Drama had jumped the fence surroundin­g her Staten Island home and a neighbor had called the city. Hick-

ey got a $250 fine and decided to fight back.

She soon found herself on a bureaucrat­ic journey that continued even after poor Drama was washed away by Hurricane Sandy. In December 2012, a hearing officer dismissed the case.

“It was dismissed because nobody knew what happened to the dog. The judge said, ‘I hope she got away all right,’ ” Hickey said. “The judge was very nice. The inspector, she was very nasty. She was trying to get me in trouble and all.”

Often inspectors cited owners who couldn’t show proof that their beloved Sparkle or Fluffy had received rabies shots. This despite the fact that since 2011 there have been 99 cases of rabid animals in New York City — none were dogs, one was a cat.

Jewel Bachrach of Tribeca knows all about it. In May 2012, an inspector demanded proof that her then 15-year-old dog, Sunshine, had been vaccinated for rabies.

Hauled into a hearing, Bachrach, then 80, was grilled about the rabies shot. “When was it done?

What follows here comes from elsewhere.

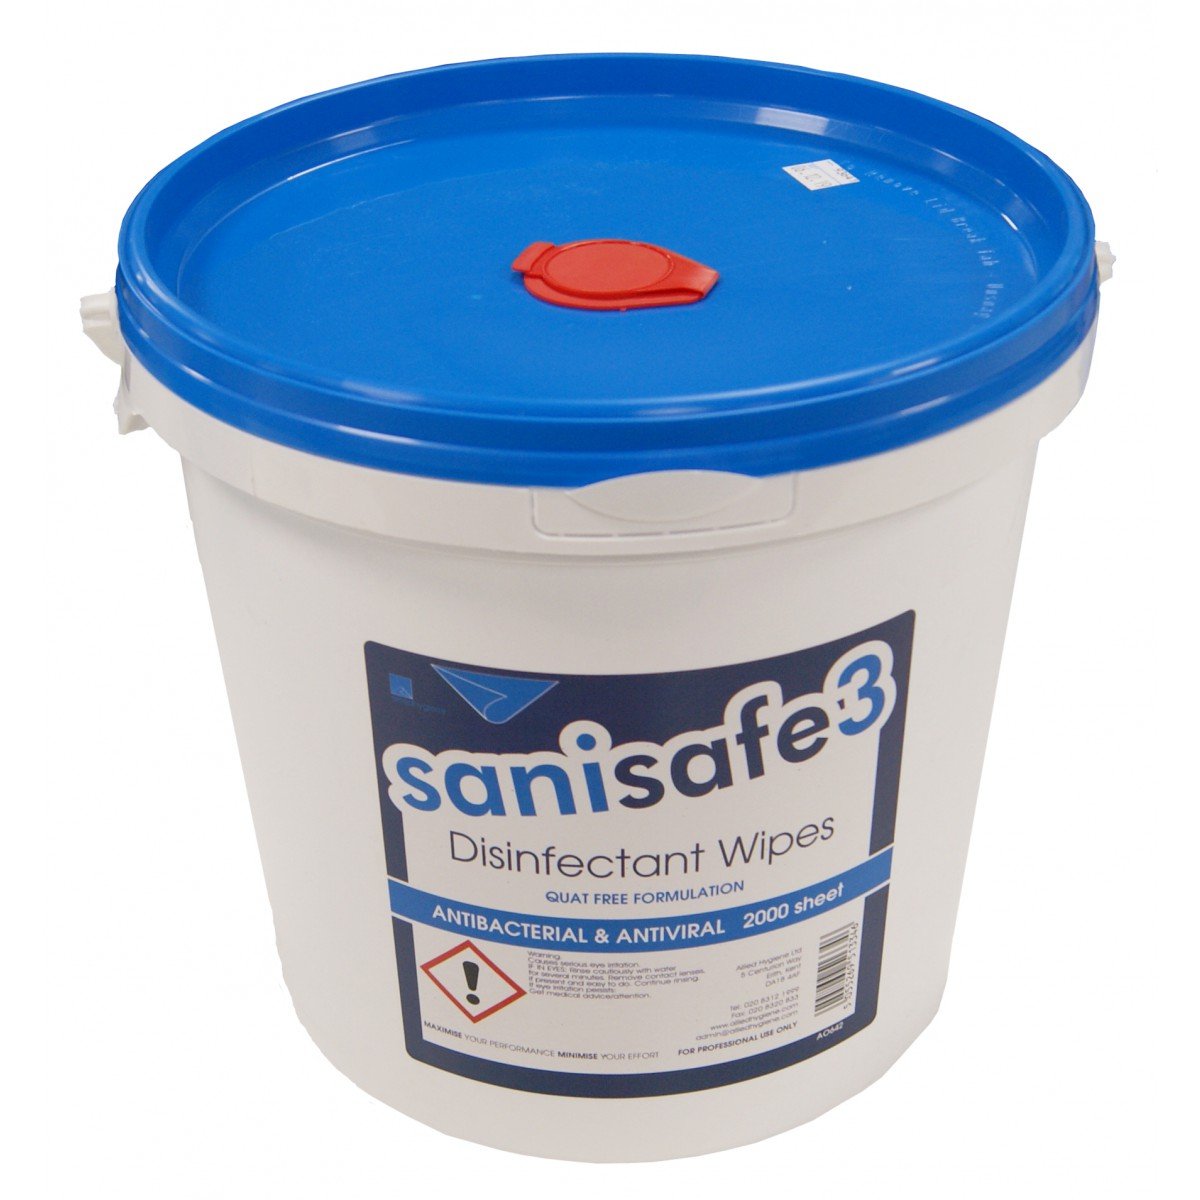 Sanisafe 3 Disinfectant Wipes Bucket Colour - NULL Size - 180 x

Oh I don’t know, whenever,” she replied.

She submitted a document dated July 18, 2012 — after the inspection — showing the dog was vaccinated, but that wasn’t good enough.

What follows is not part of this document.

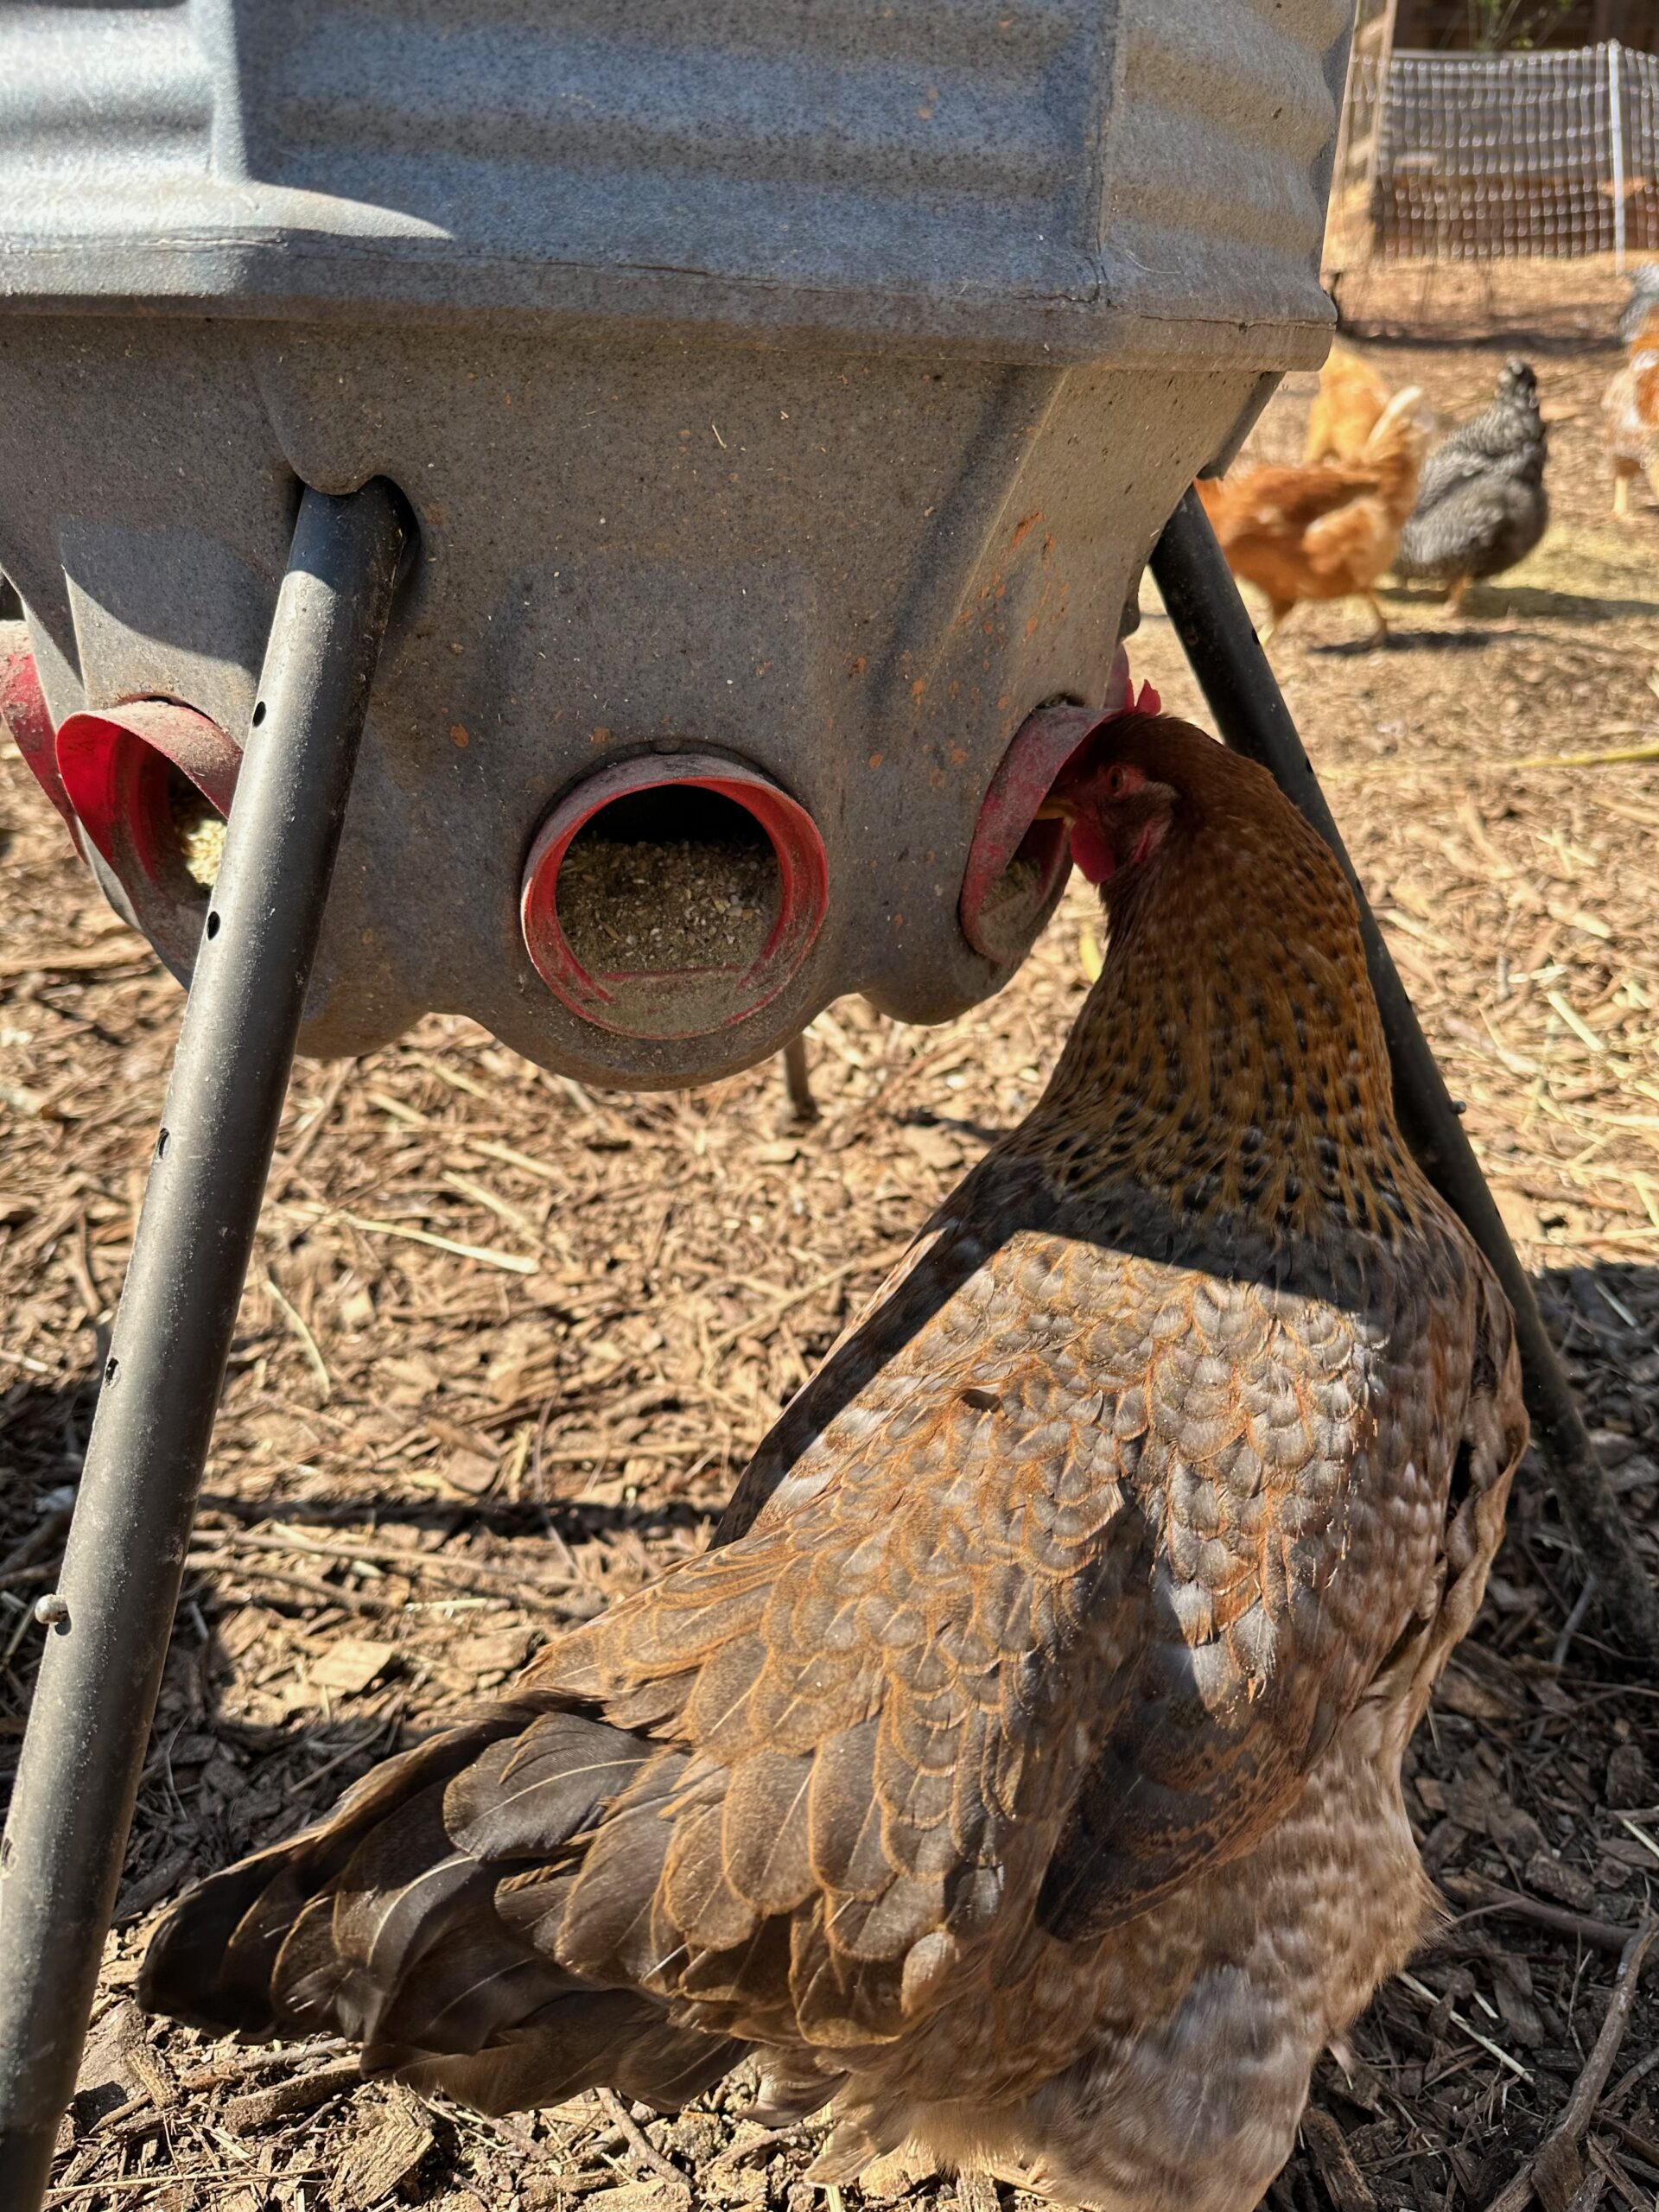 CoopWorx reduces feed waste because the hens have to stick their heads inside the feed ports to access the feed

She appealed, calling the penalty exorbitant, and noting that “she is 80 years old and lives in a four-floor walkup apartment.”

The appeals examiner brushed her off, declaring, “While respondent may be dealing with a variety of challenges, the health code does not provide that any of those submitted by her are a defense for failure to get her dog vaccinated.”

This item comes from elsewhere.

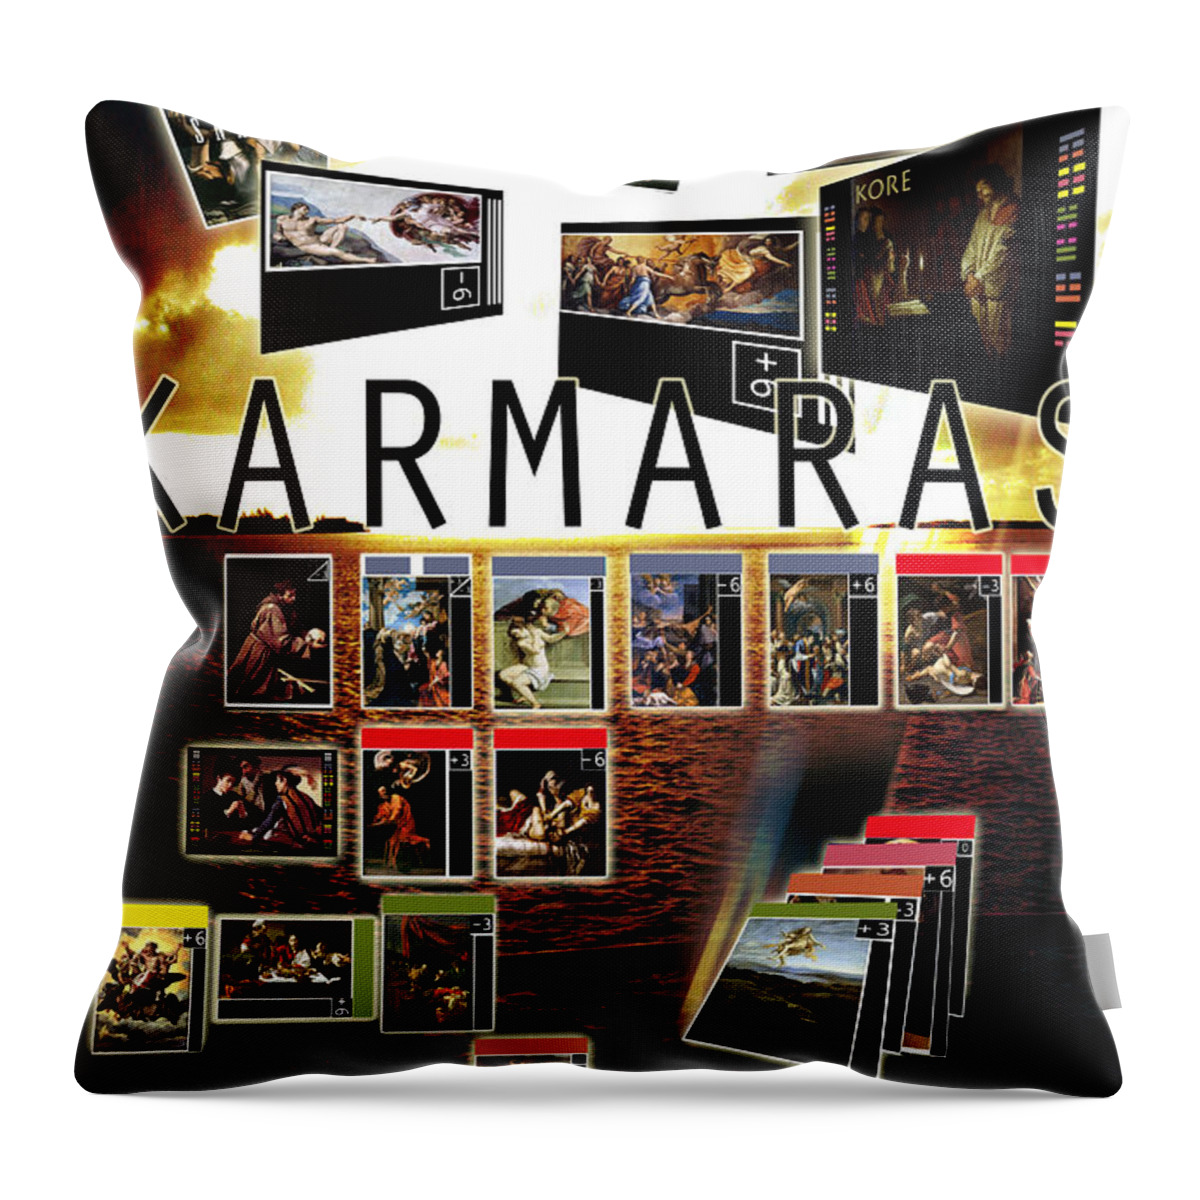  Throw Pillow featuring the painting Karmaras Poster Baroque by John Gholson

In the end, she had to pay $250. Sunshine died a year later.

“She was 16,” Bachrach said. “I fed her. I cooked for her. She ate natural food. She didn’t eat chemicals. I believe that’s why she lived so long.”

Even cat owners aren’t safe. In 2010, Nadira Indelicato got hit with a citation for three stray cats she’d been feeding at her home in Ozone Park, Queens.

She says a neighbor called the city on her, and an inspector showed up demanding rabies vaccinatio­n paperwork for the kitties.

“It happens that I’m living between two neighbors, they don’t like cats,” she said. “The department of health is more concerned about I’m feeding the strays. They are part of God’s creatures. They deserved to be cared for. Imagine yourself being an animal and you are hungry.”

She says she regularly traps strays and gets them innoculate­d and neutered, but in this case forgot to submit the certificat­ion to the city. She wound up paying a $500 fine.

“I pleaded with them to lower the fine. The fee was $500,” she said, adding, “It could have been worse.”